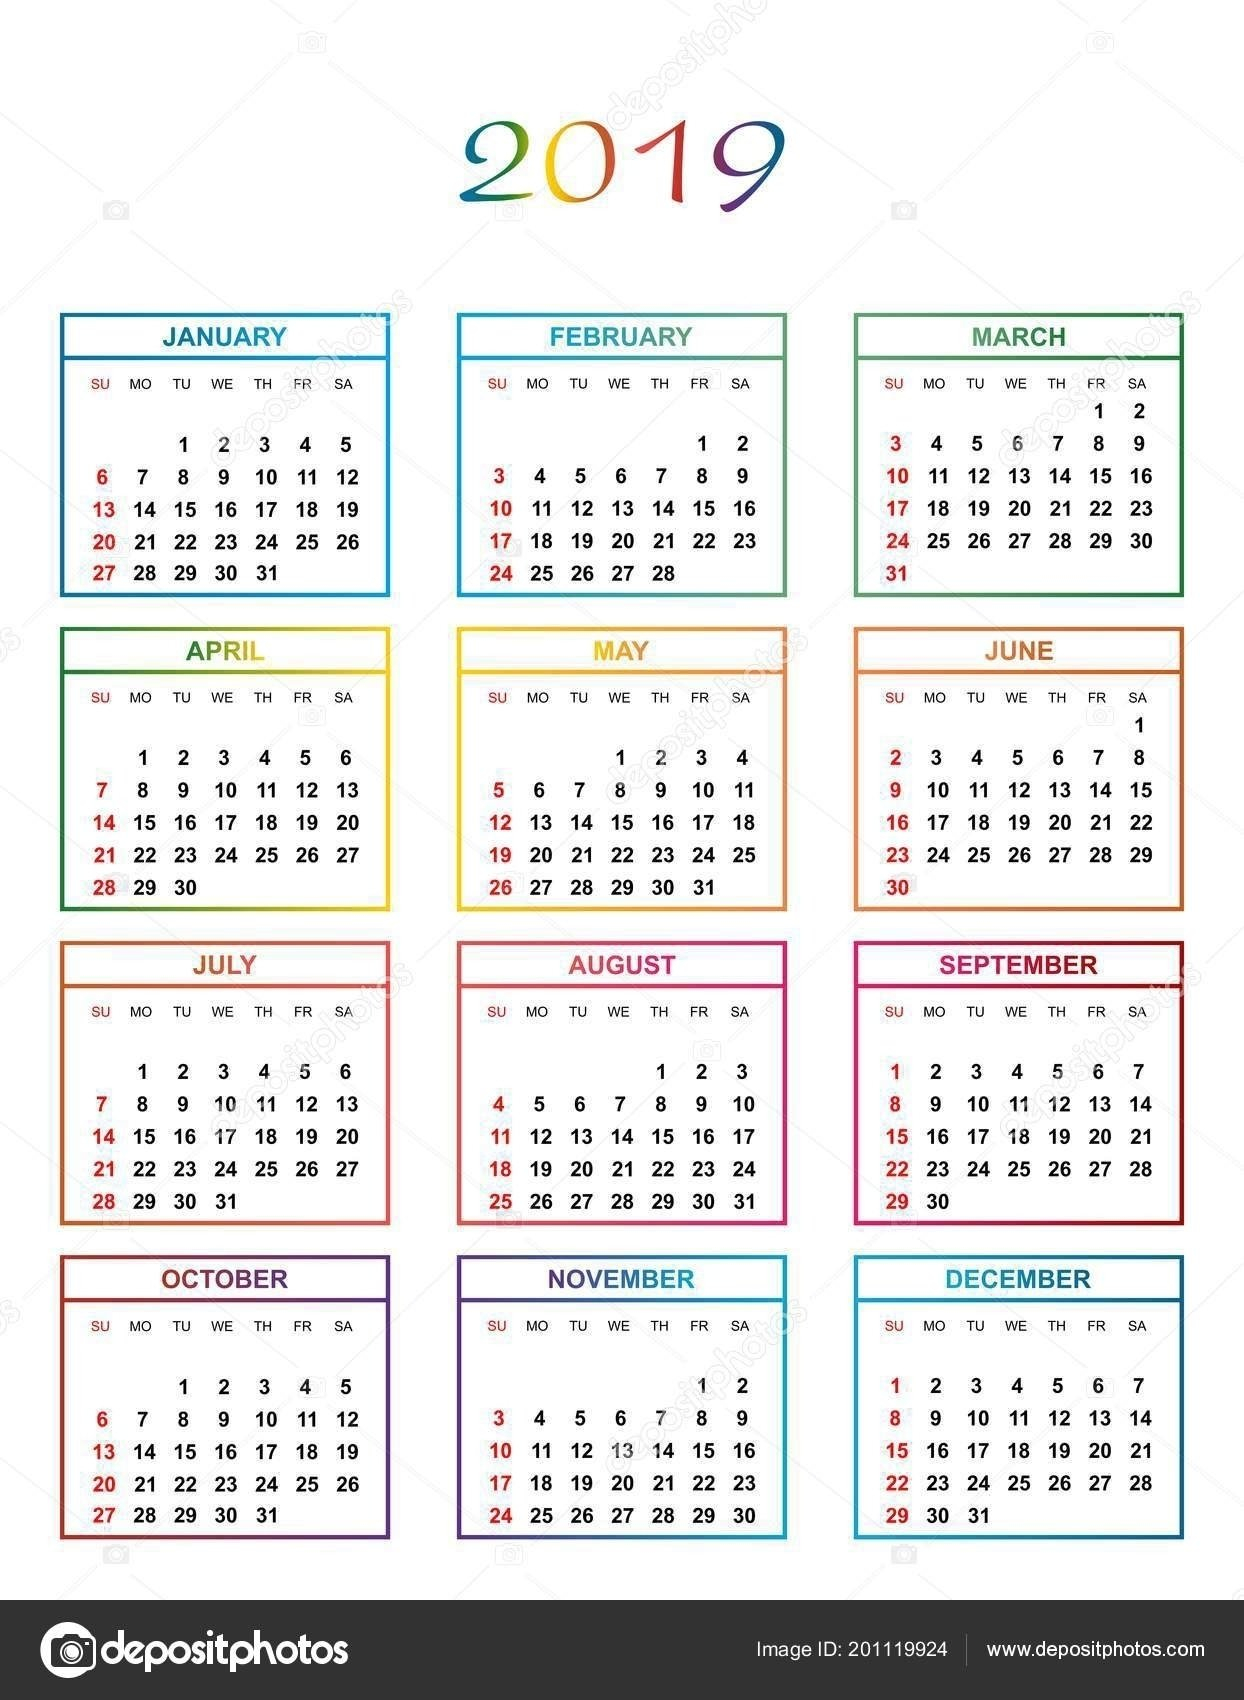 Calendar With 365 Days Numbered | Printable Calendar 365 Day Count Calendar
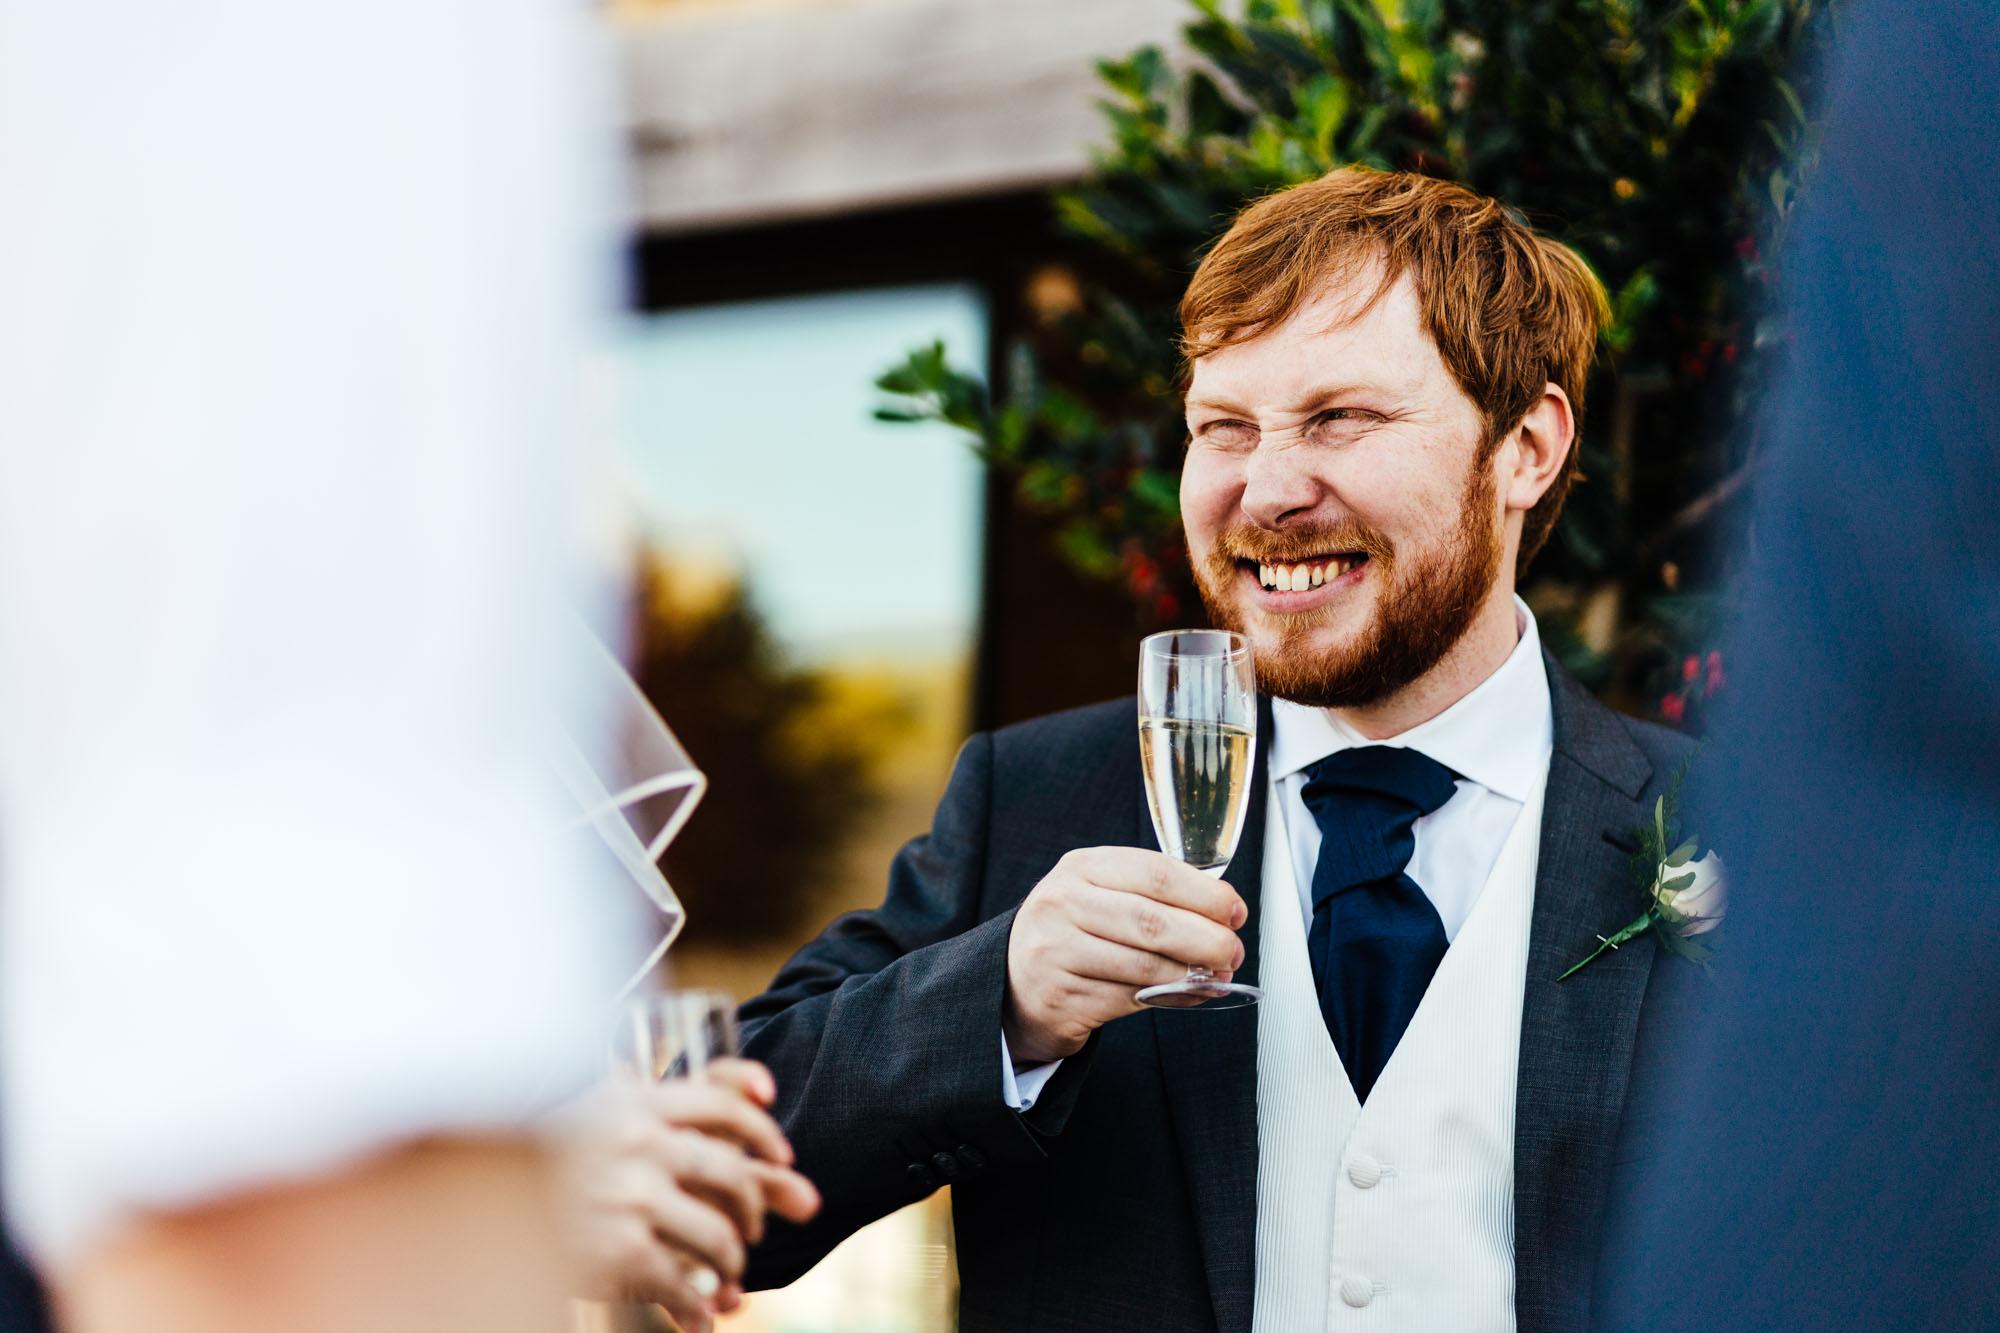 wedding-at-dodford-manor-44
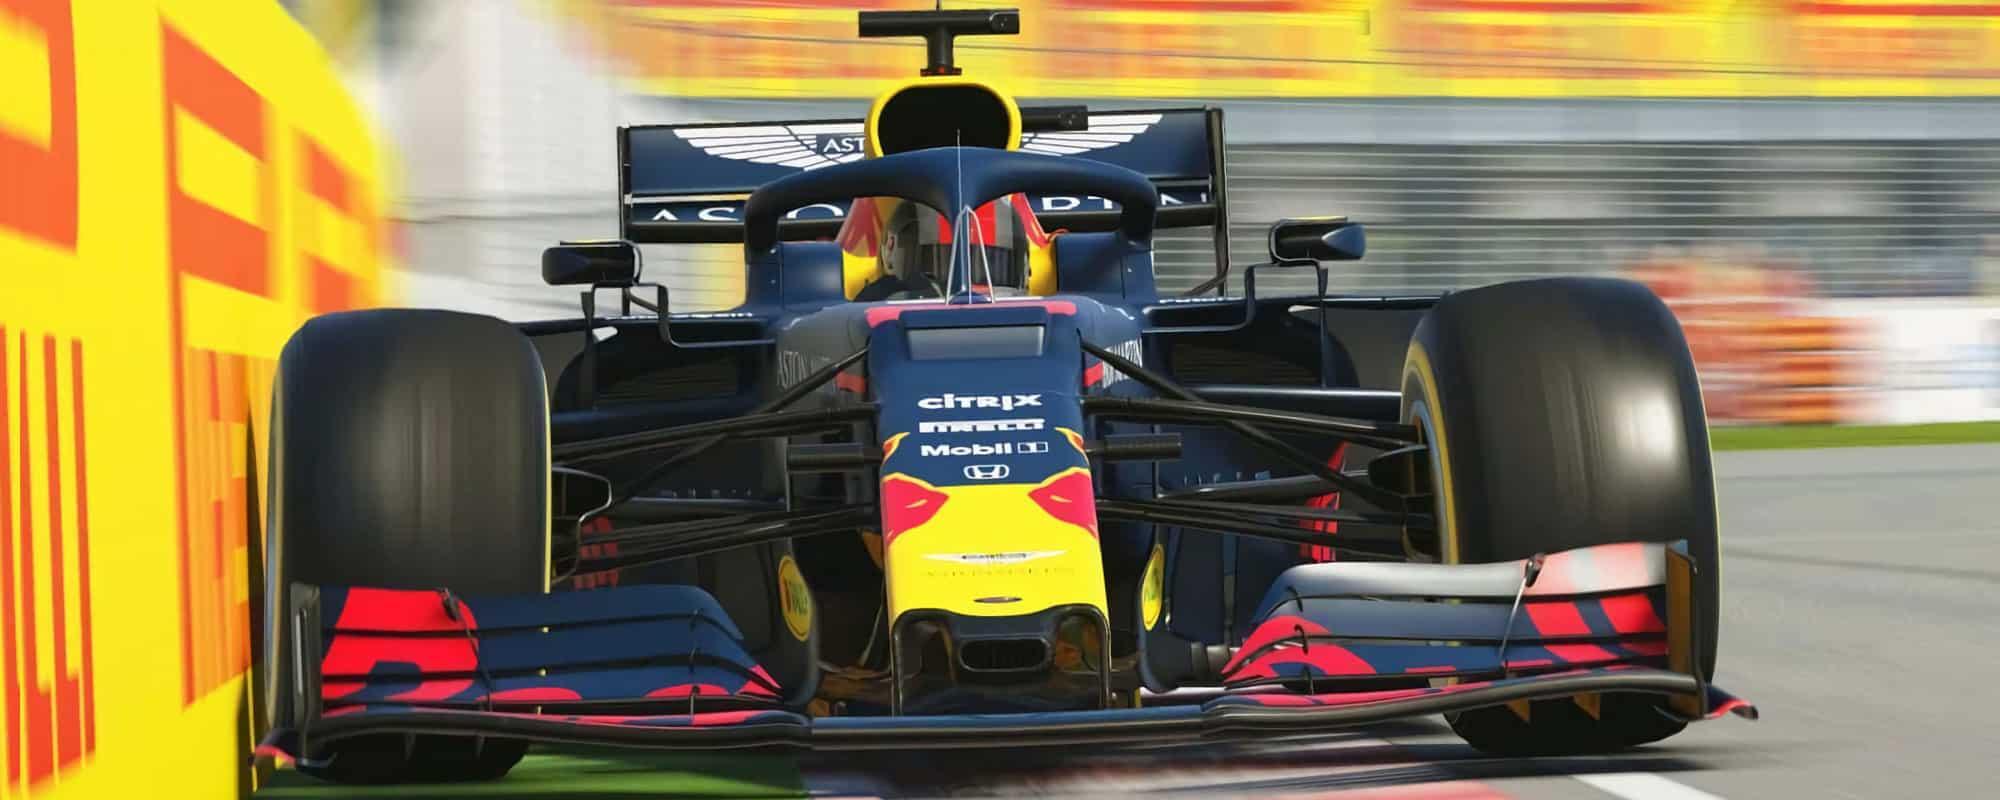 At T Aston Martin Red Bull Racing

▶ EXERCISE DETAILS: Where the data contains images, drop them and print the rest exactly.

▶ OUTPUT FOR THIS EXERCISE:
 Calendar With 365 Days Numbered | Printable Calendar 365 Day Count Calendar
 wedding-at-dodford-manor-44
 At T Aston Martin Red Bull Racing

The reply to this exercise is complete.